Travel Destination: Sout-East Asia, Street Food in Thailand
After traversing every aisle of food carts and woks on my mission to find the freshest, most interesting and tasty-looking dishes, I was often met with earnestly shaking heads or “No, you don’t want that - that’s Thai food!” by English speaking cooks or bystanders when I pointed and gestured and tried to ask for a meal I knew I truly wanted. On my first such adventure, I did not know that the custom was for the cook to show the ladle with the amount of the garlic and chili for you to indicate how much you wanted: thinking she was simply asking if I wanted those Thai ingredients, I nodded vigorously at the heaped display, and in it all went! Yes, it was Thai food, and I enjoyed every sizzling touch to my lips under the watchful, laughing eyes of the vendors and bystanders who had gathered.

A Guide to Living in Asia’s City of Angels
I spent as much time learning about, admiring and experiencing the food as I did with major tourist attractions, often spending hours strolling through streets and markets taking in the sights and smells and sounds: quiet clucking rising up from a heap of vibrantly coloured roosters or hens tied together at the feet - a Thai rooster’s plumage is extraordinarily beautiful; plastic tubs and buckets just full enough of murky grey water to keep the fish, frogs or turtles alive until a sale was clinched; mounds and mounds of green and red, and purple and orange; the pleasant stench of durian and jackfruit - pleasant because I was just so thrilled and in awe of it all!
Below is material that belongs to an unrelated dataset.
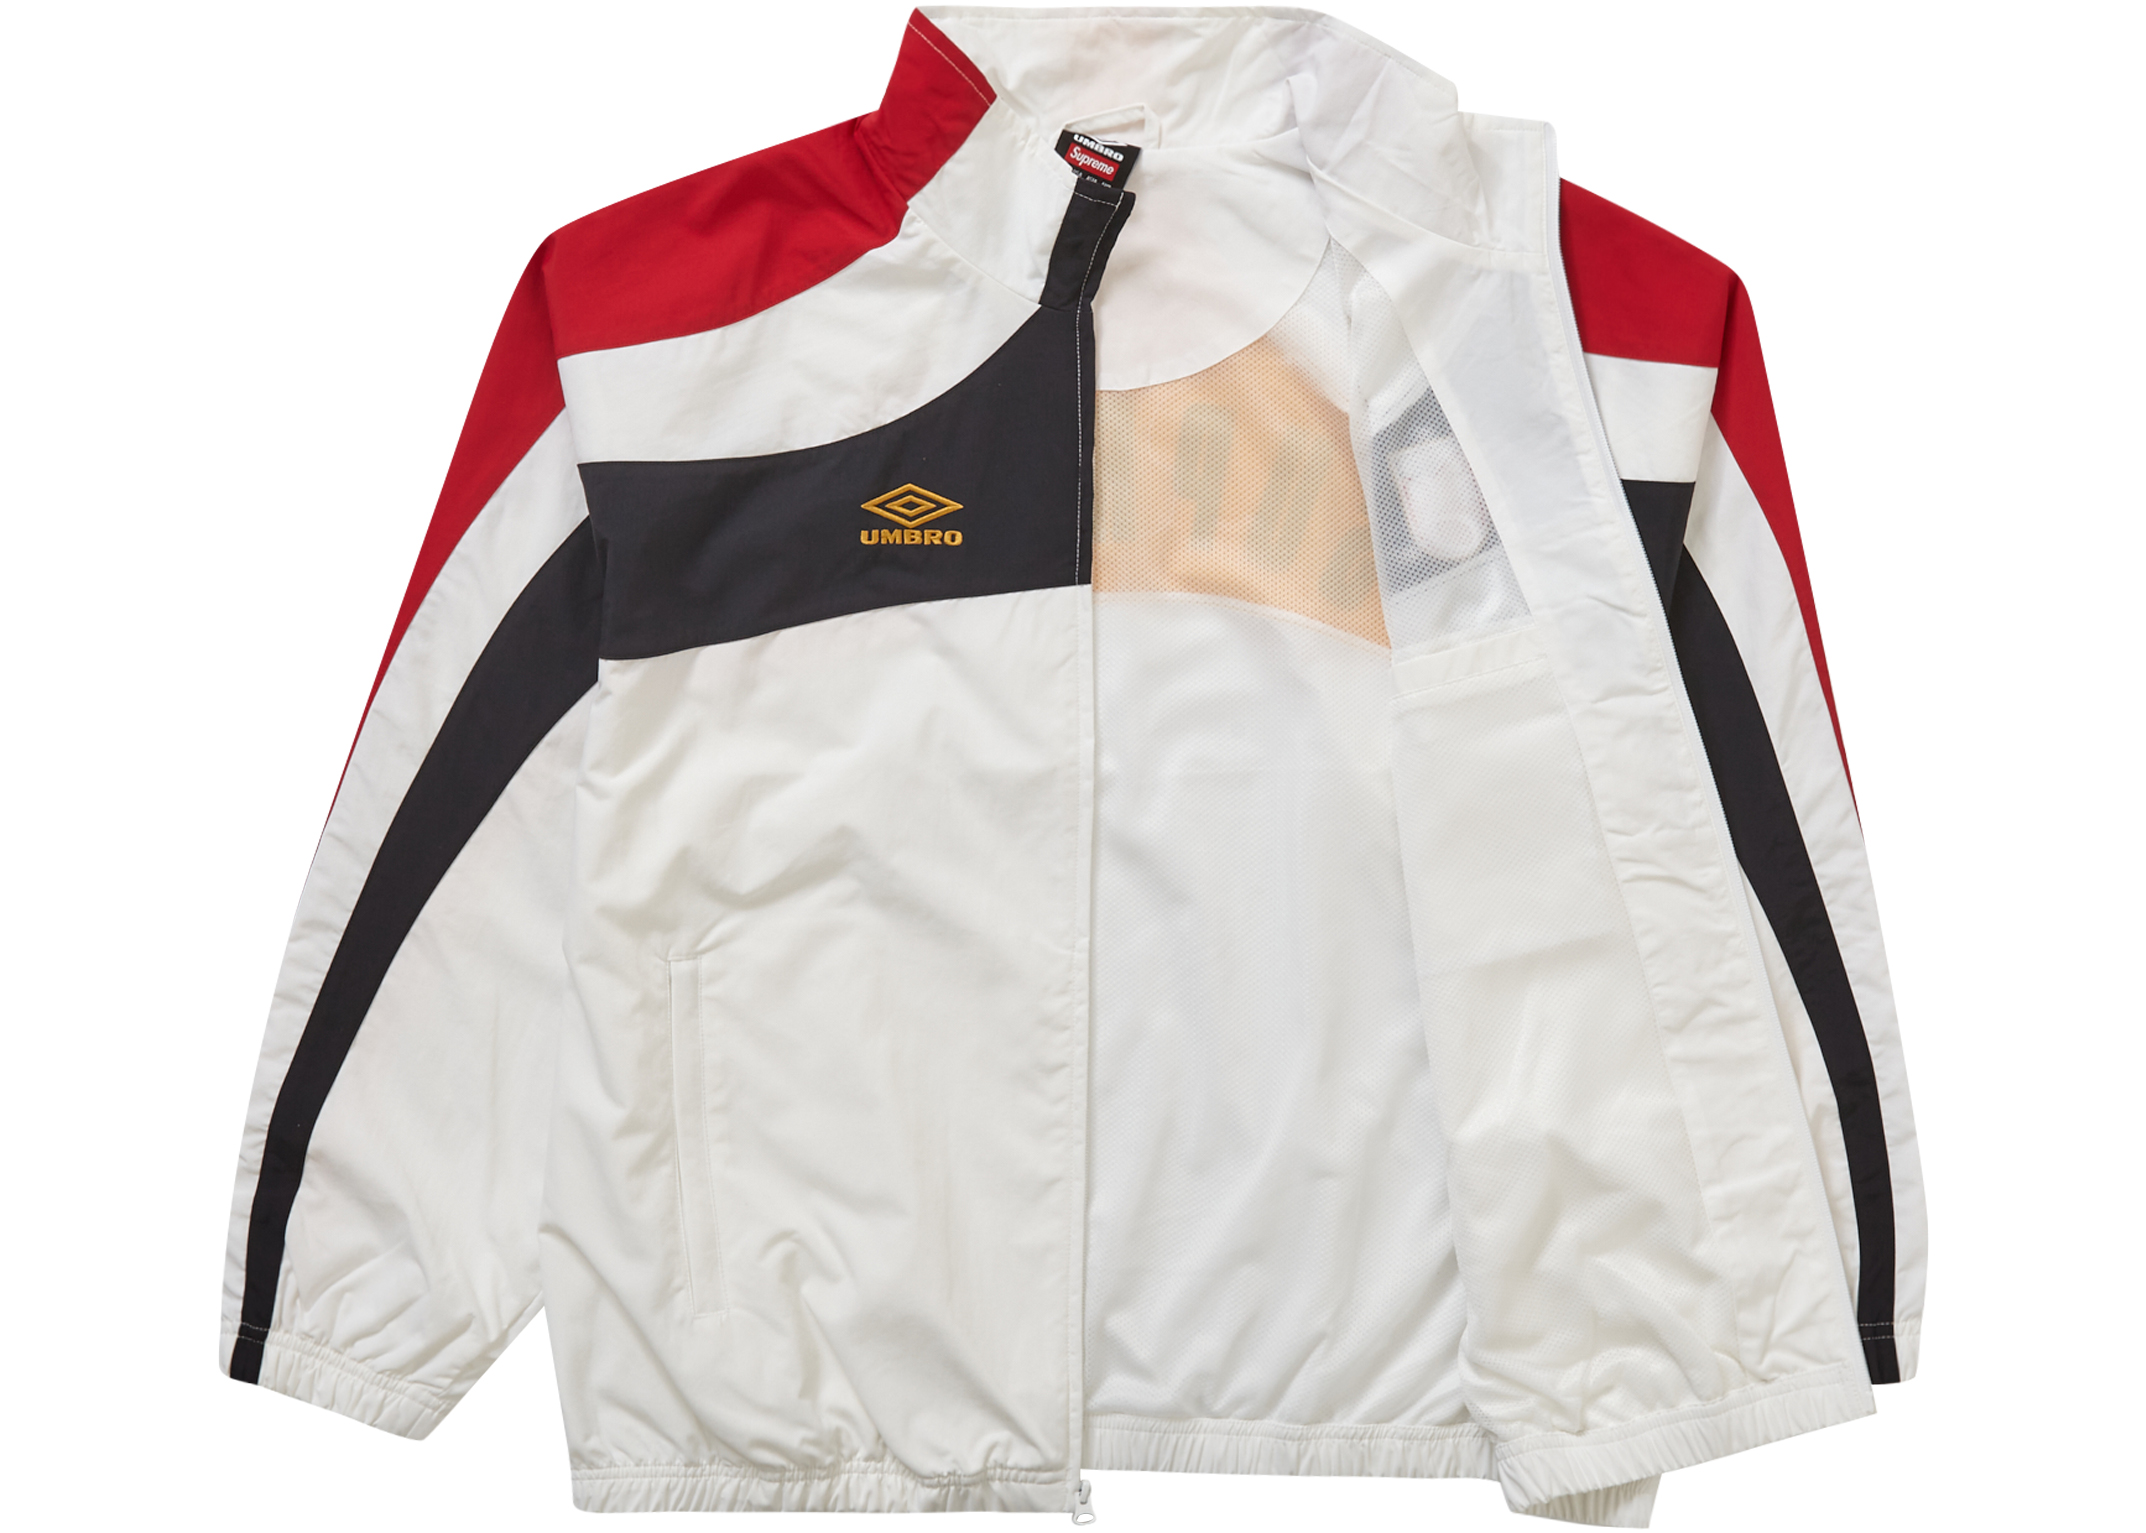 18,550円Supreme Umbro Track Jacket White

I tried deep-fried grasshoppers at a carnival in Kanchanaburi during a sound and light show of “The Bridge On The River Kwai” that ended with a fabulous fireworks display recreating the Allied bombing campaign that destroyed the bridges of the Death Railway in 1945. I tried a few tiny roasted wood worms offered by a very thin host in a northern hill-tribe village near the Myanmar border, and feared that I was eating his family out of house and home. I discovered countless traditional dishes I had never tasted and savoured authentic versions of some I had had in Toronto’s newly arrived Thai restaurants. As often as I could, I watched their creation so that I could try to replicate them when I got home and got a kitchen again.